Exploring the most American song ever written — and sung by everyone from Roy Rogers to Frank Sinatra and Ella Fitzgerald.

The perfect Western song

“Don’t Fence Me In” is the most American song ever written, for a ton of reasons — many of which contradict one another.

It’s a magical song. Or I would say a spiritually blessed piece of music, animated by a human ache that only God can heal. In this case, He gave us “Don’t Fence Me In.”

If you regularly read the Wednesday Western series, this track should be one of your anthems. In fact, I formally nominate it the theme song of my Wednesday Western series.

If you haven’t heard “Don’t Fence Me In,” here’s a link. I urge you to give it a listen. Hold on to how you feel: We’re taking our little Corvette through the automated car wash.

“Don’t Fence Me In” isn’t a bloodless song. It’s jolly but protective. And every time you think you have it figured out, it runs off like a lizard that fired its tail into your hand.
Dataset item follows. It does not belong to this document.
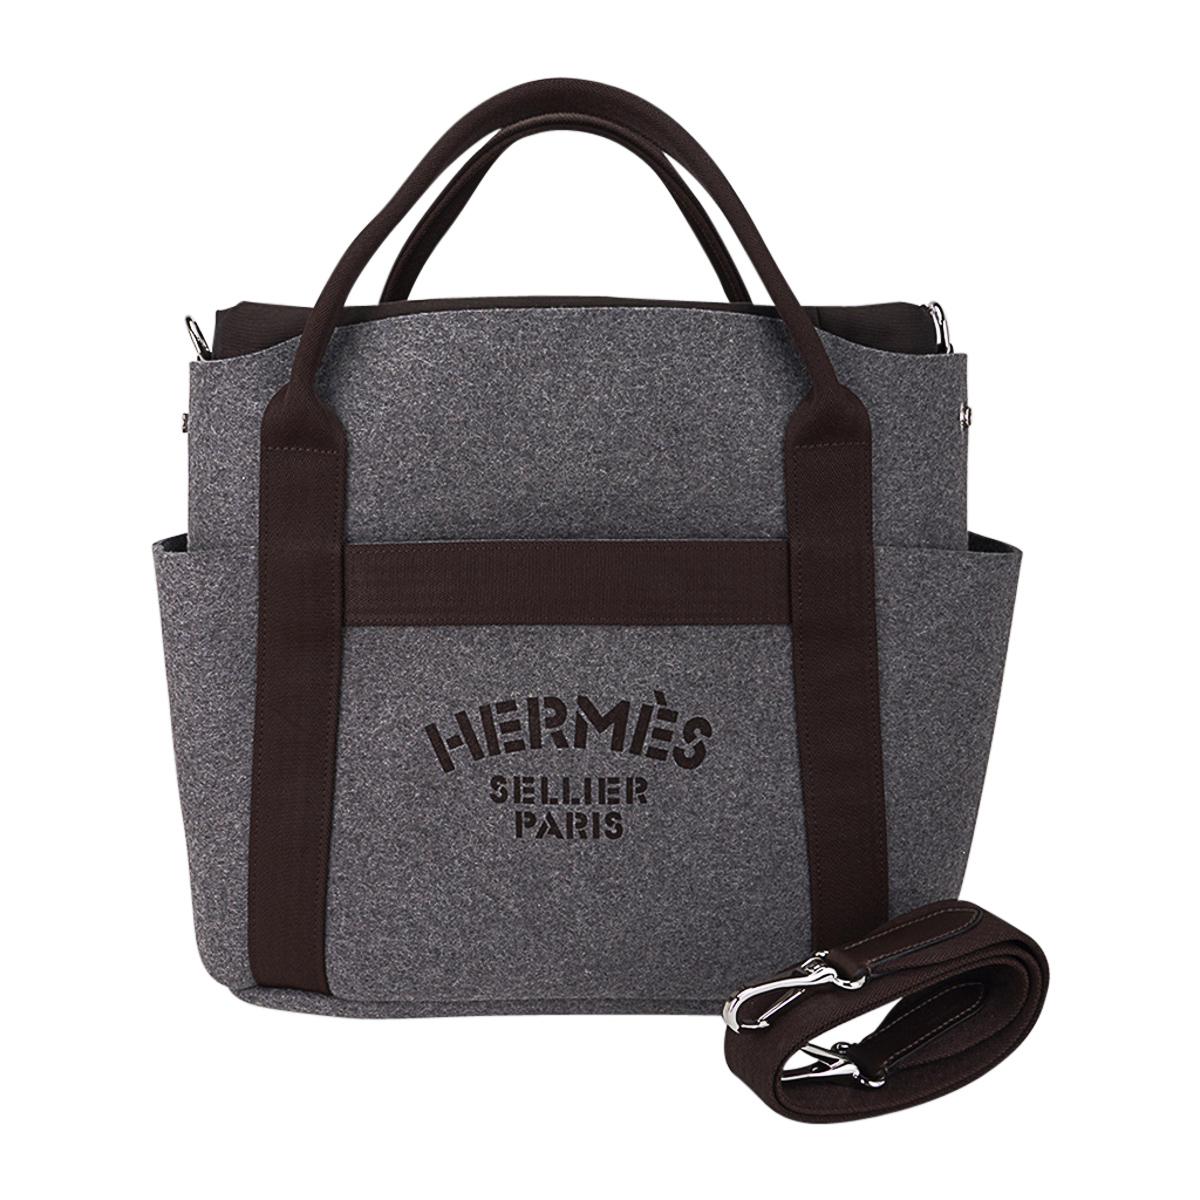 Hermes Tote Sac de Pansage Grooming Bag Gray Feutre/ Brown at

Ella Fitzgerald added an emotional depth to the song:

For starters, there’s the head-spinning list of bands and musicians who have covered “Don’t Fence Me In,” from Gene Autry to Bob Hope and the Muppets to James Brown to the Killers. (There are several Muppet renditions.)

Jeff Goldbum has a version, sung by Kelly Clarkson with Goldblum on piano:

There’s even a live-action version featuring Goofy, Mickey, and Minnie:

Dean Martin has done a few different versions, including this duet with Lorne Green, in which they’re both on horseback on a soundstage. And then there was the time that Dean Martin and John Wayne sang “Don’t Fence Me In” on The Dean Martin Show.

Dave Alexander

Any time my kids love a song, I immediately love it also, because it brings me closer to the people I love most.

I discovered “Don’t Fence Me In” while researching for an interview with Dave Alexander at the Western Heritage Awards, Oklahoma City. His album “From the Saddle to Symphony Hall” won Traditional Western Album of 2024. It's a tidy little album at 34 minutes long.

I began reporting on Dave with a certain surgical journalistic coldness. But, man, I very quickly fell in love with his music. I kept his album on repeat. And “Don’t Fence Me In” hooked me deeper every time. It was such a liberating experience.

It’s a beautiful American song. It’s lovely. Powerful. It sings everything that an American heart ought to sing. It makes me feel unabashedly American. A frontiersman, ready to dive into the untamed beauty of American wilds.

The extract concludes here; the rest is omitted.